Feuling, who was the district’s chief financial officer at the time, said the plan presented now is not the same as before and called the state’s financial status back then “rough times.” The district doesn’t seek to encourage early attrition, Feuling said, but it helps to identify veteran employees early in their decision process.
“As we continue to look at what our needs are and just the natural cycles of our employees and making decisions in their life to continue with us or not to, we’ve talked about trying to identify that process earlier, and really it gets down to looking at the budget and looking at the needs of the district, looking at the needs of staffing and enrollment numbers,” Feuling said.
Sadler explained the 2022-23 school year had been the first time the district was able to get ahead in its hiring process, bringing more than 70 certified staff members on board between January and August 2023.
“That’s the highest we’ve ever had historically, but one thing to our advantage was to get the word out there early, particularly prior to our surrounding school districts and notifying them, saying, ‘Hey, we’ve got positions, we’re open for business,’ and to get people through that hiring process much sooner,” Sadler said.
Sadler said initially the district would require a self-imposed deadline in February for those interested in getting their affairs in order with Nevada’s Public Employees’ Retirement System for benefits.
But during the discussion, there was confusion with the language in the agenda item, and Trustee Molly Walt asked for clarification on retirement versus resignation for employees who had completed over those who had worked in the district for one year. Board members questioned whether employees might view the incentive as an early exit and an opportunity to seek employment elsewhere rather than permanent retirement as they worried about filling ongoing vacancies.
School district attorney Ryan Russell said the agenda’s wording stated employees must provide their “intent to retire from the Carson City School District” and not to resign was a matter of semantics, and Sadler said there was no way to verify that an employee was retiring for the purposes of PERS.

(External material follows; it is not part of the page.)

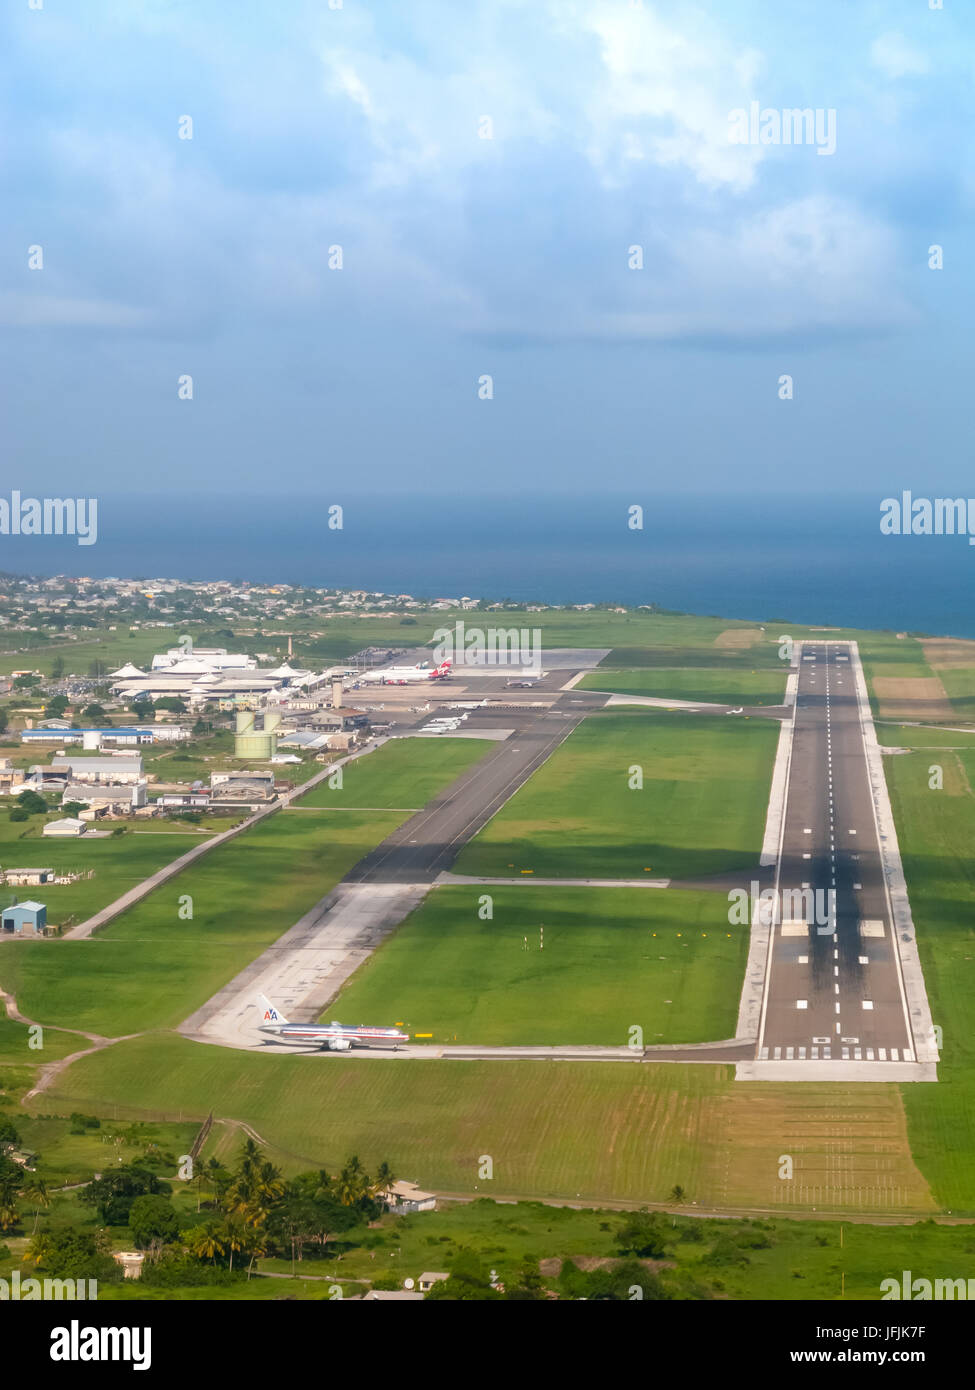 The Barbados runway approach, Barbados Grantley Adams International Airport (GAIA) Airport, Barbados, West Indies Stock Photo

“We don’t have enough people coming out of college to fill these (vacant) positions,” Trustee Mike Walker said. “We have to get creative with the way we look at some of these things.”
Walker recommended tabling the item until the Jan. 23 meeting, seeking clarification on the language.

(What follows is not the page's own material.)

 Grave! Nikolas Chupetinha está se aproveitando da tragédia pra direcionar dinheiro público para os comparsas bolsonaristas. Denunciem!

Bordewich Bray Elementary School Principal Cheryl Richetta spoke before the board voted, saying last-minute resignations often leave administrators scrambling with bigger concerns.
“If you put an incentive in place for people who are leaving, that’s going to have some people who, they know it’s coming anyway, but they’re waiting until last minute to say, ‘Let’s do it in March,’ and they make that decision, but it’s going to help us out tremendously,” Richetta said.
The board approved to table the item until the Jan. 23 meeting 7-0.